- **The task**
Transcribe everything in the listing as written, and let no image into the copy.

= Beginning of Section =

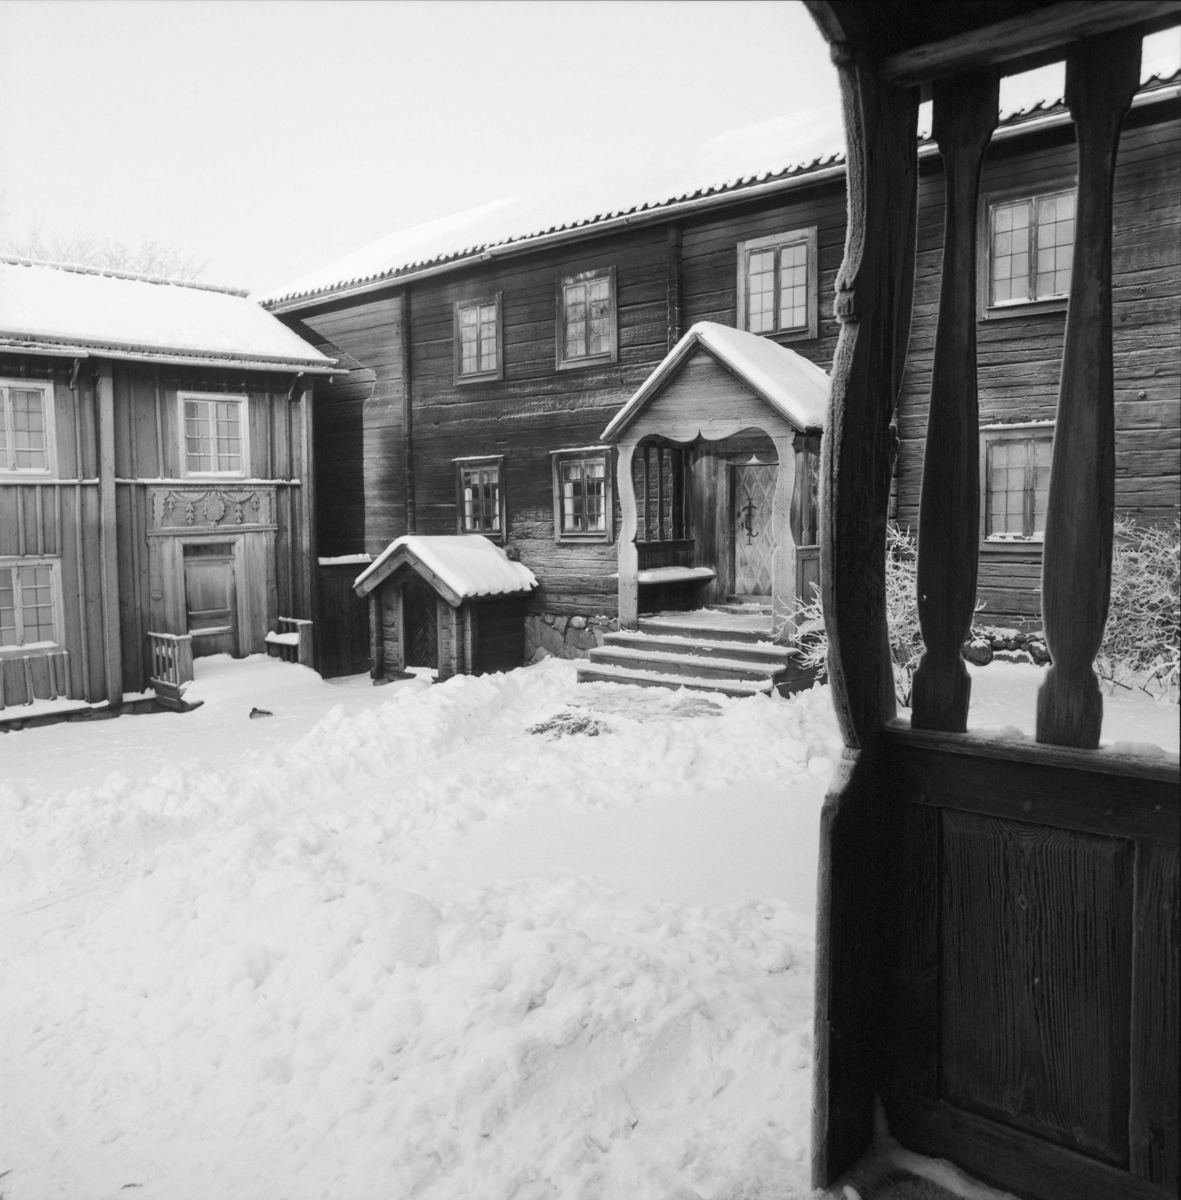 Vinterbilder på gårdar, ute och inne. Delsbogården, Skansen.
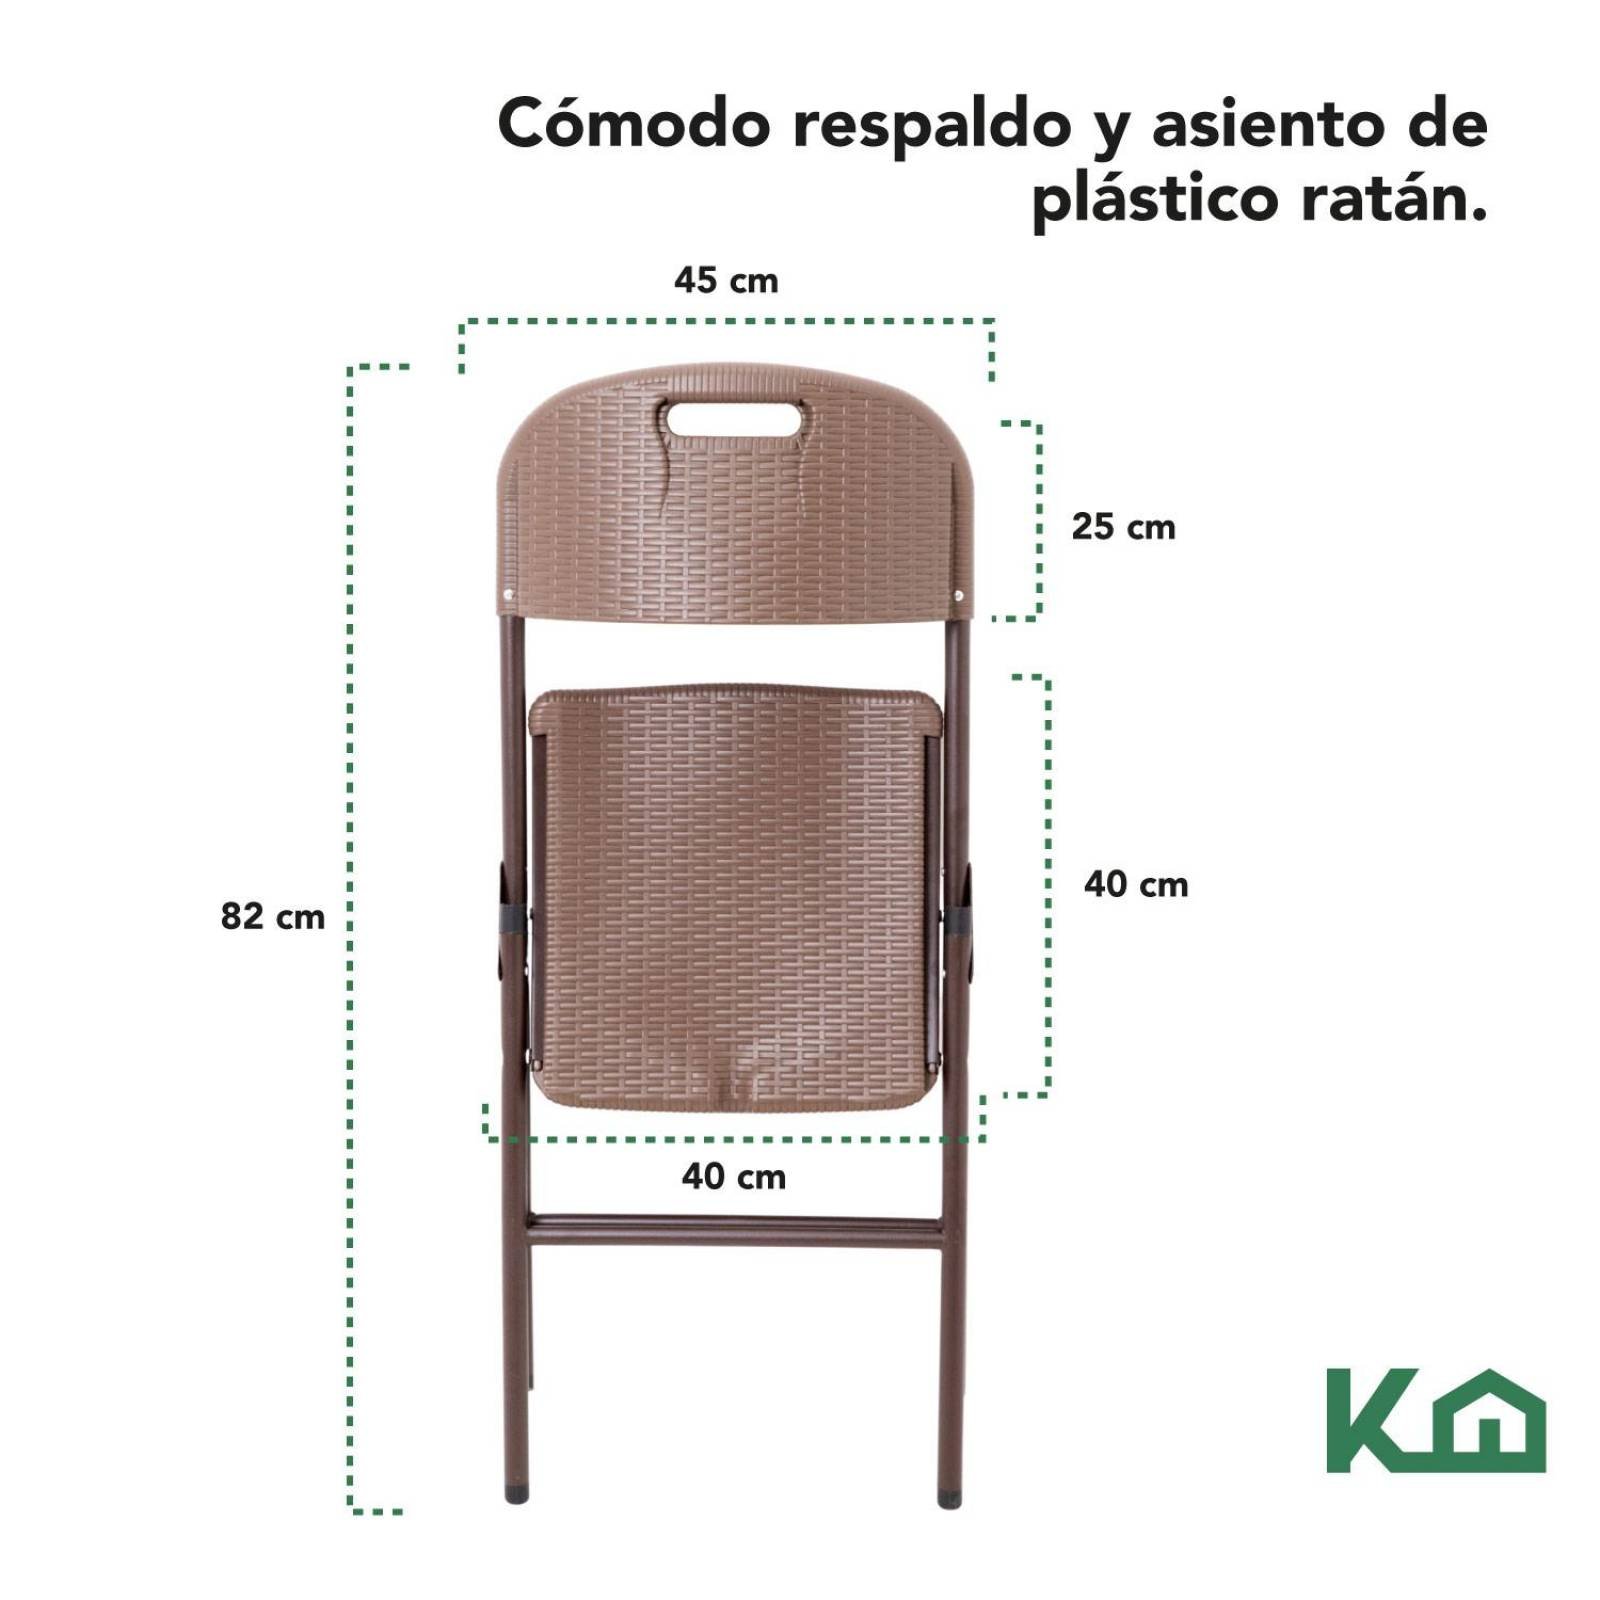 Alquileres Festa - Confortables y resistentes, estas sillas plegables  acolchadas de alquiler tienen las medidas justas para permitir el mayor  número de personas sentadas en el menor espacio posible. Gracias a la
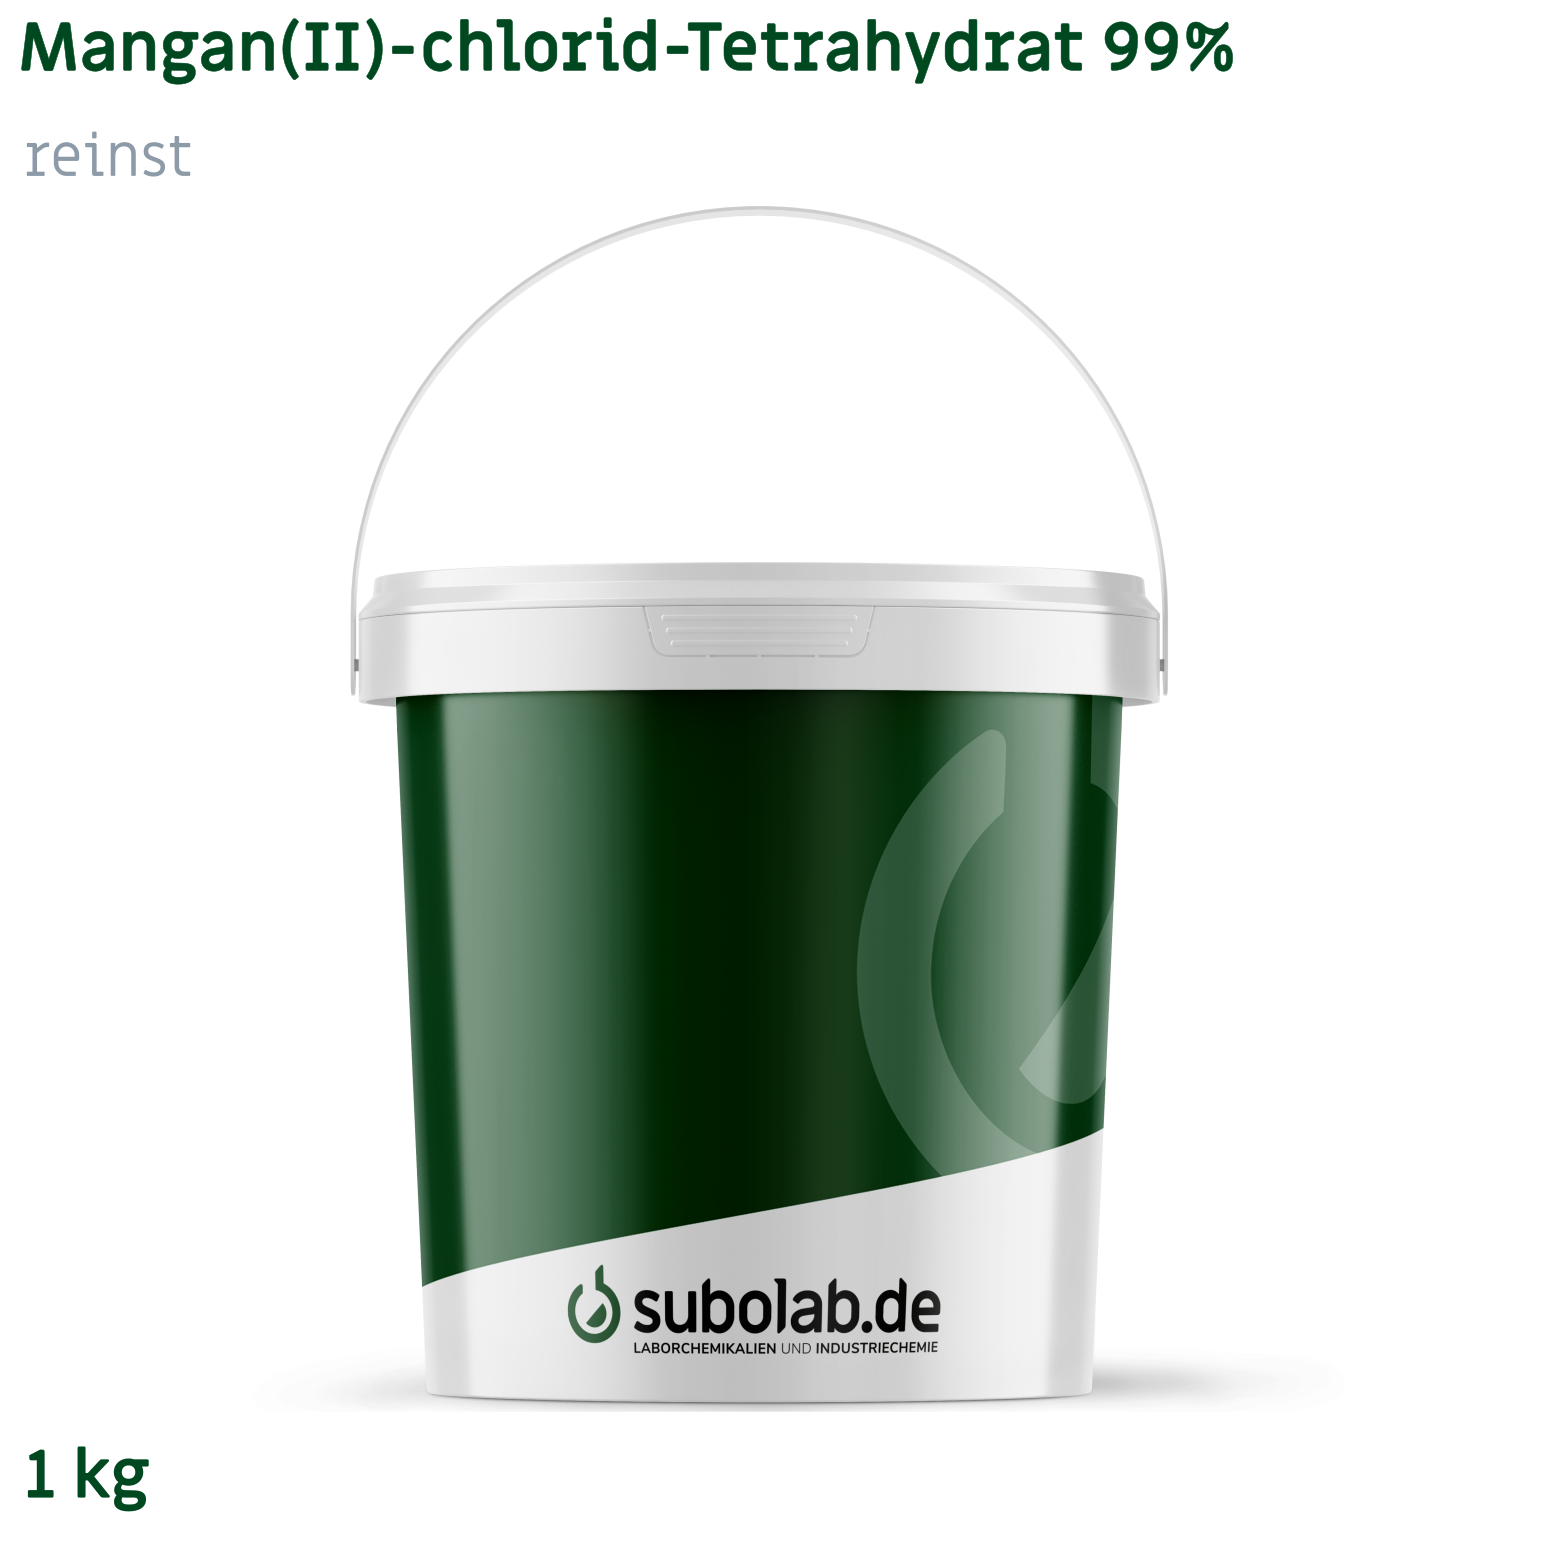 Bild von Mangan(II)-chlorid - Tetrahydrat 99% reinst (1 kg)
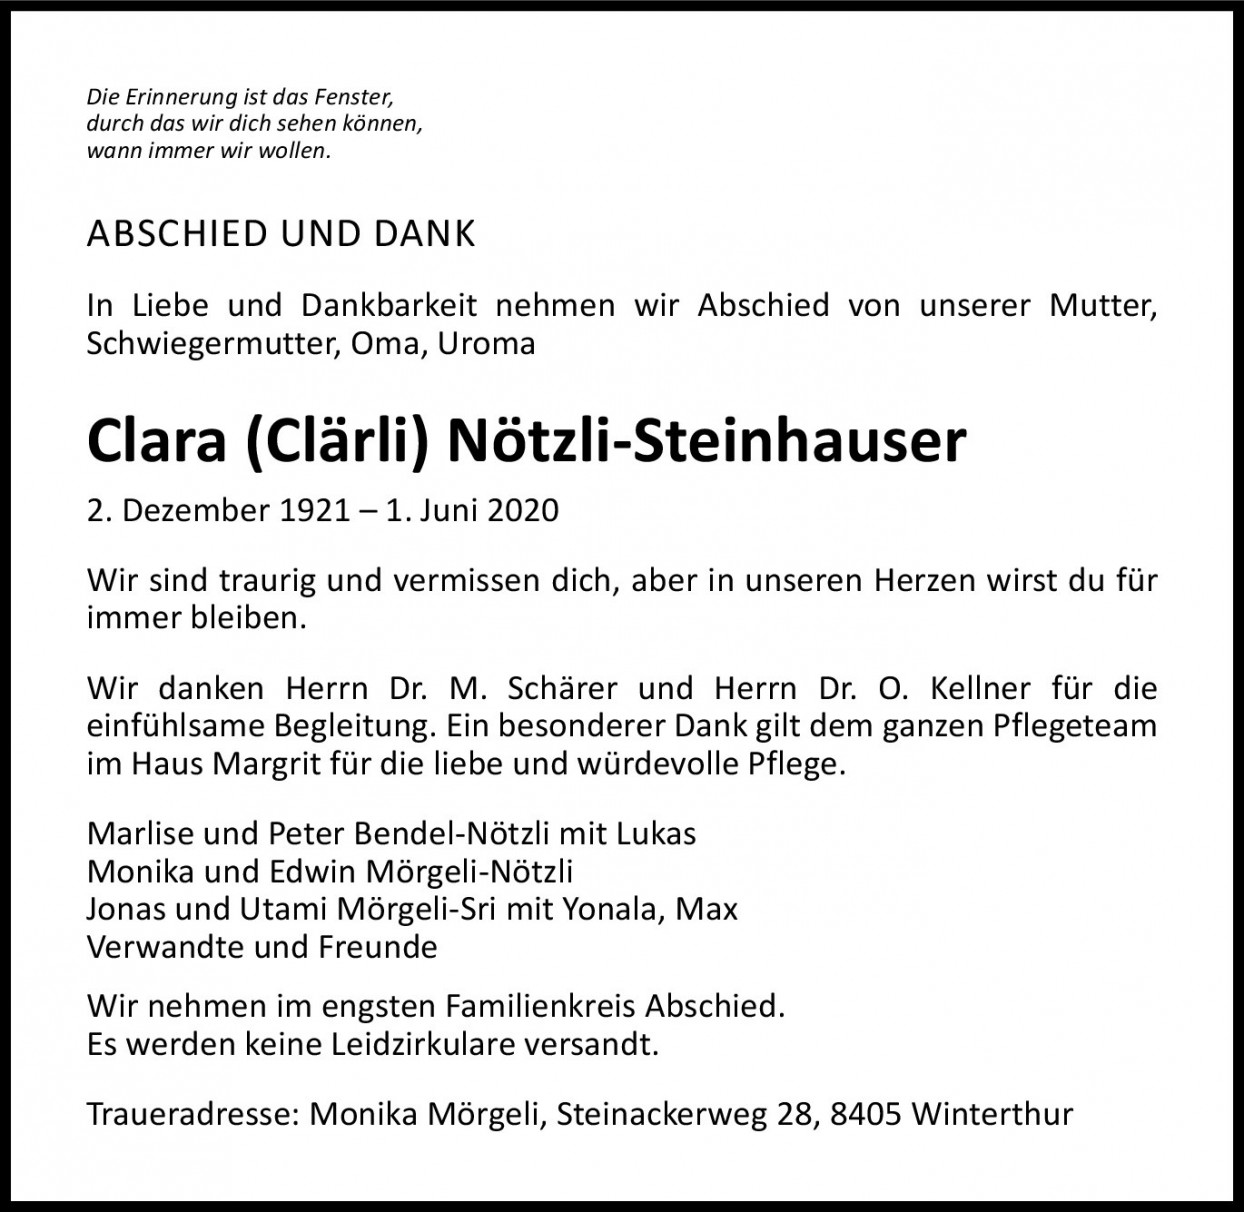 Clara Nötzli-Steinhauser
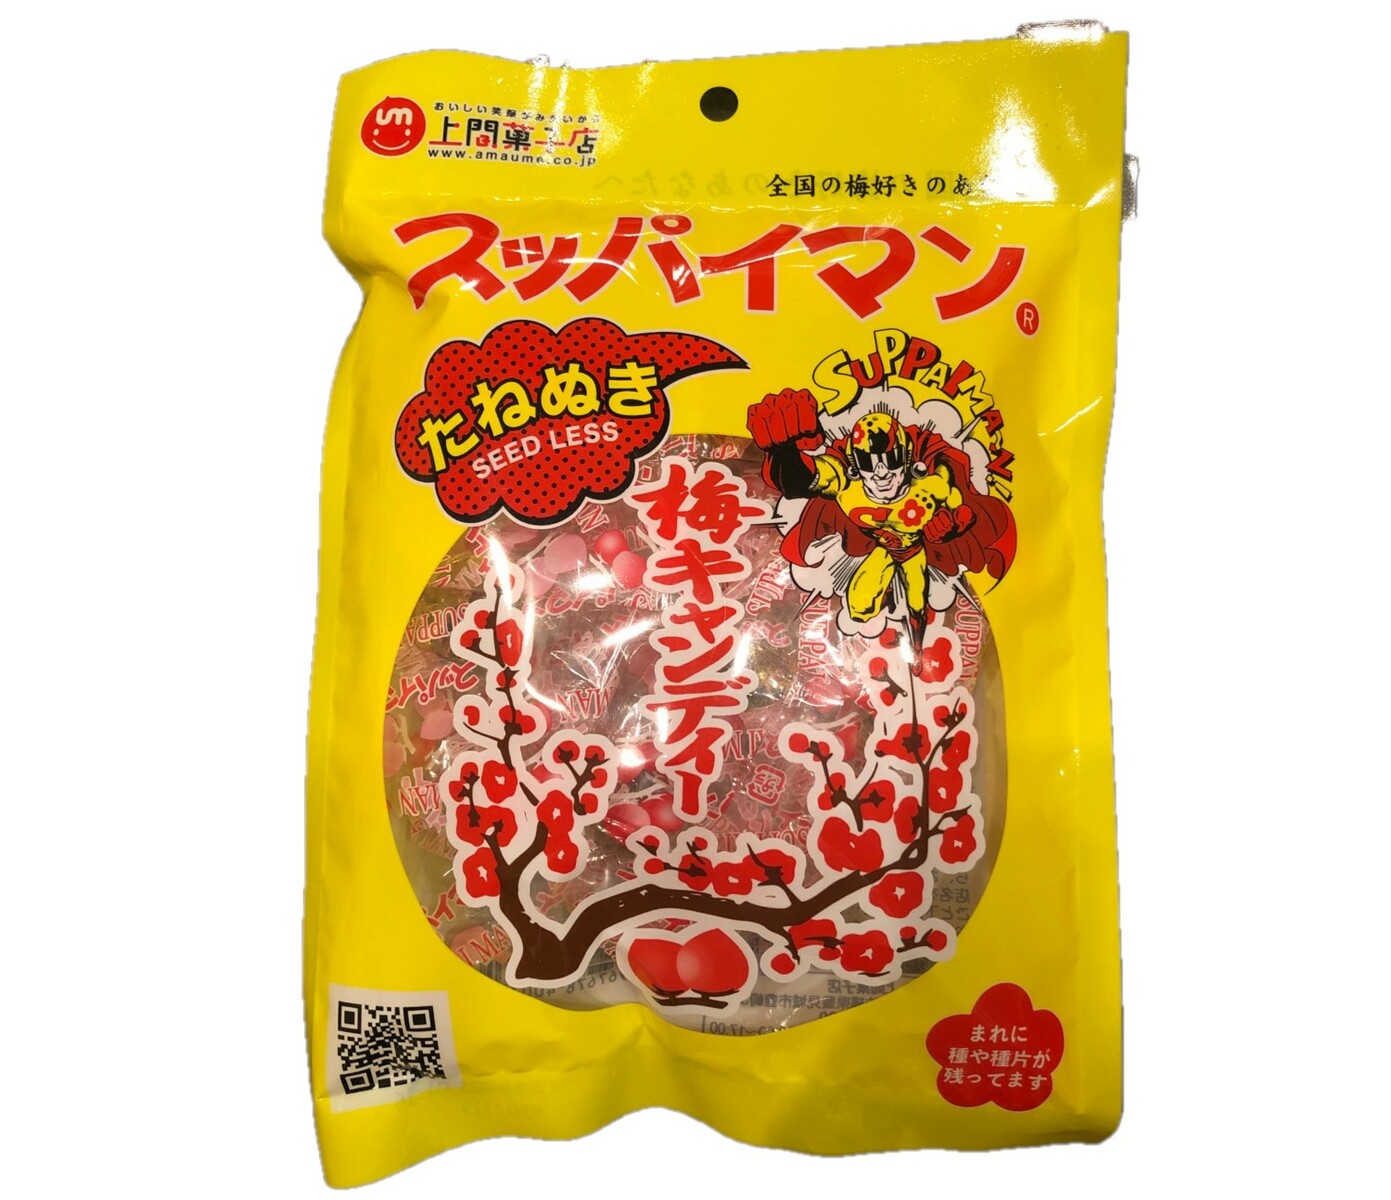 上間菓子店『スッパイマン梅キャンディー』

= End of Section =

- **Answer section**
 Vinterbilder på gårdar, ute och inne. Delsbogården, Skansen.
 Alquileres Festa - Confortables y resistentes, estas sillas plegables  acolchadas de alquiler tienen las medidas justas para permitir el mayor  número de personas sentadas en el menor espacio posible. Gracias a la
 Bild von Mangan(II)-chlorid - Tetrahydrat 99% reinst (1 kg)
 Clara Nötzli-Steinhauser
 上間菓子店『スッパイマン梅キャンディー』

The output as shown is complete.